_EXERCISE_
The span to copy runs from the line containing "Dimensions: 125 x 87 x H 300,5 cm" to the last line below. Copy it exactly, with nothing else.
Start of LISTED RECORDS
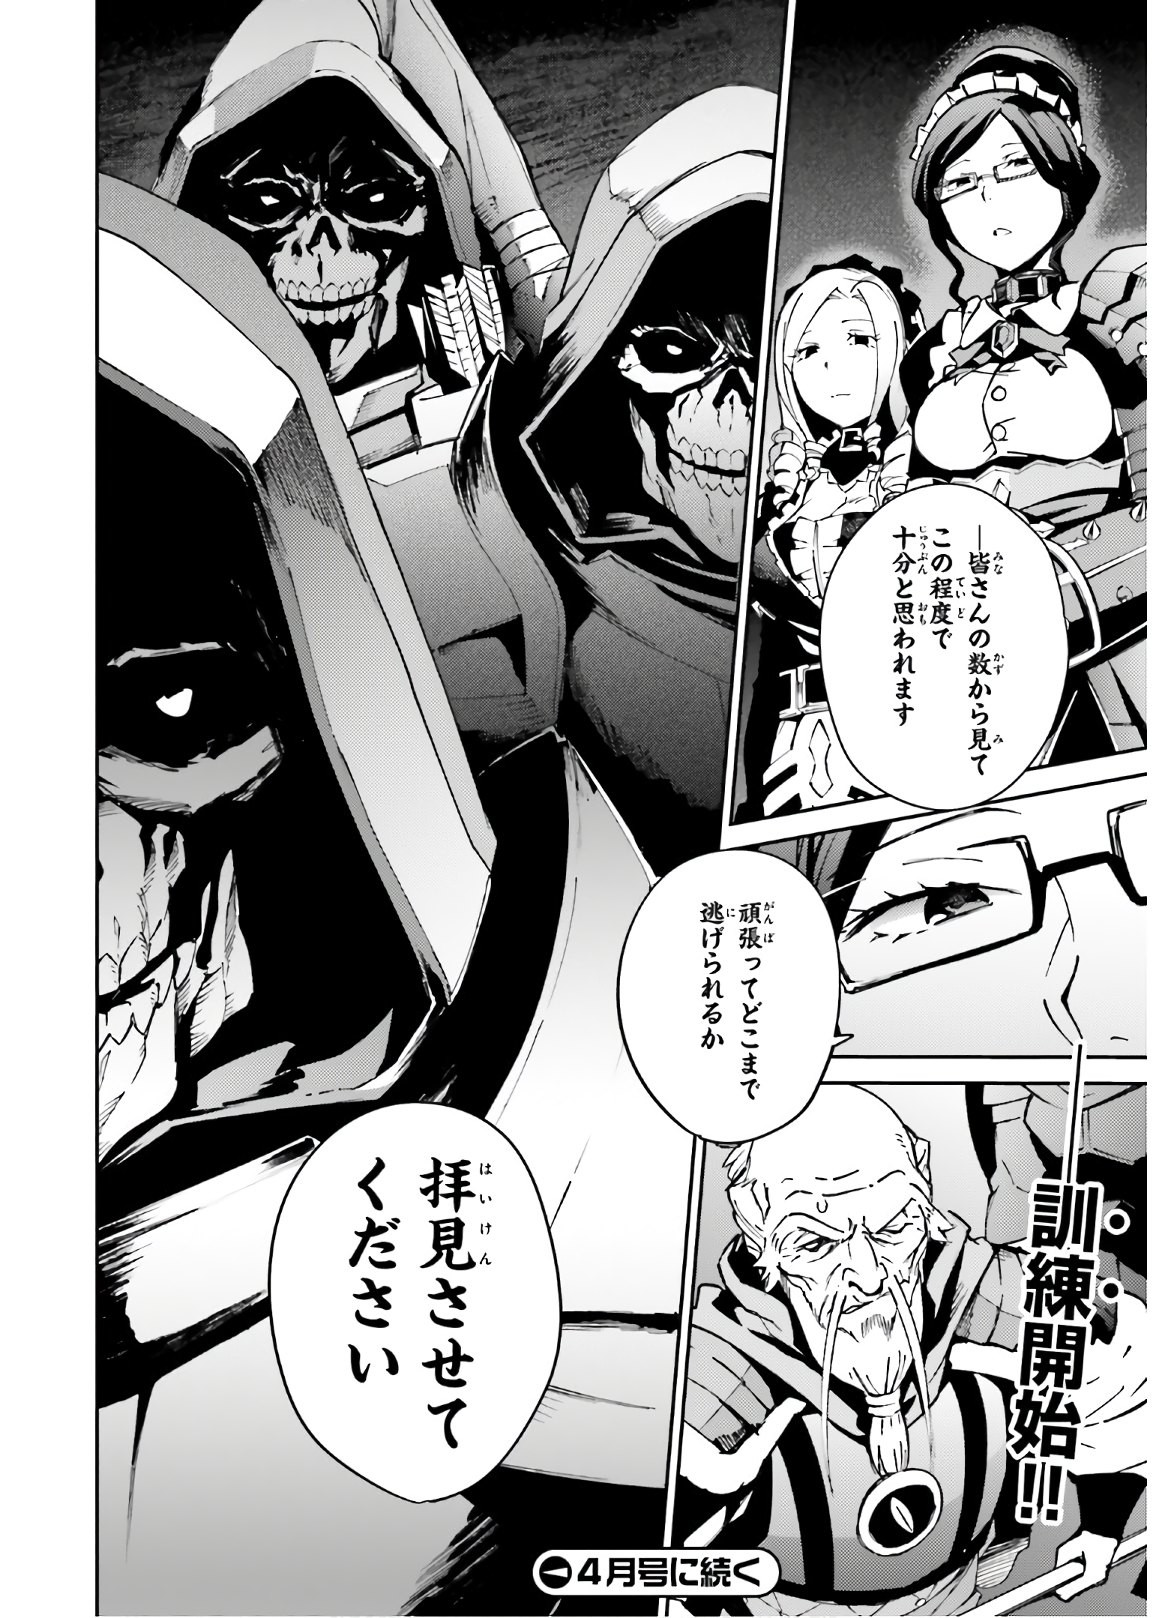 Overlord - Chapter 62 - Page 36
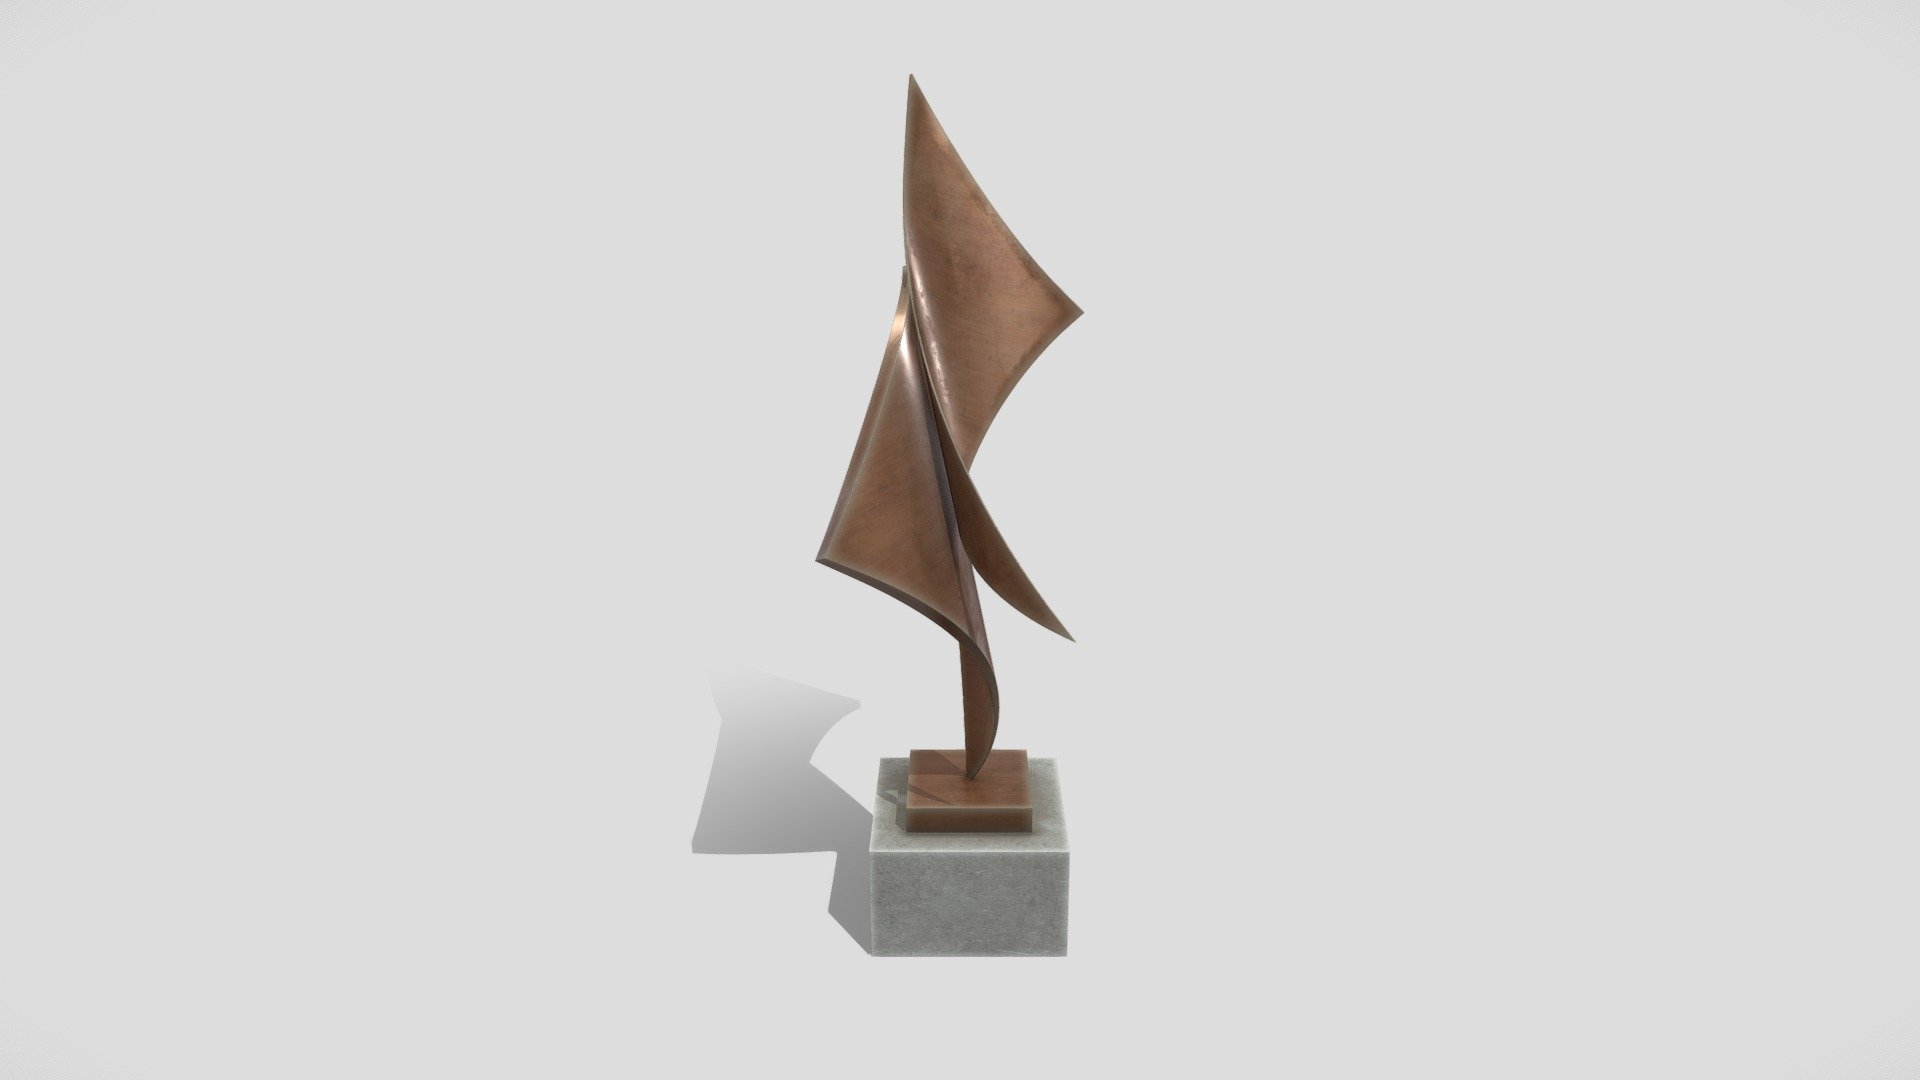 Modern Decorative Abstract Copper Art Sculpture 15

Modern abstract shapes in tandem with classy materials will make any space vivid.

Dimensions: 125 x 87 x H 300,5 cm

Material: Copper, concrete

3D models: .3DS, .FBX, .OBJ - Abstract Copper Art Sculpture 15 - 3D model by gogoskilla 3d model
End of LISTED RECORDS
_WRITTEN ANSWER_
Dimensions: 125 x 87 x H 300,5 cm

Material: Copper, concrete

3D models: .3DS, .FBX, .OBJ - Abstract Copper Art Sculpture 15 - 3D model by gogoskilla 3d model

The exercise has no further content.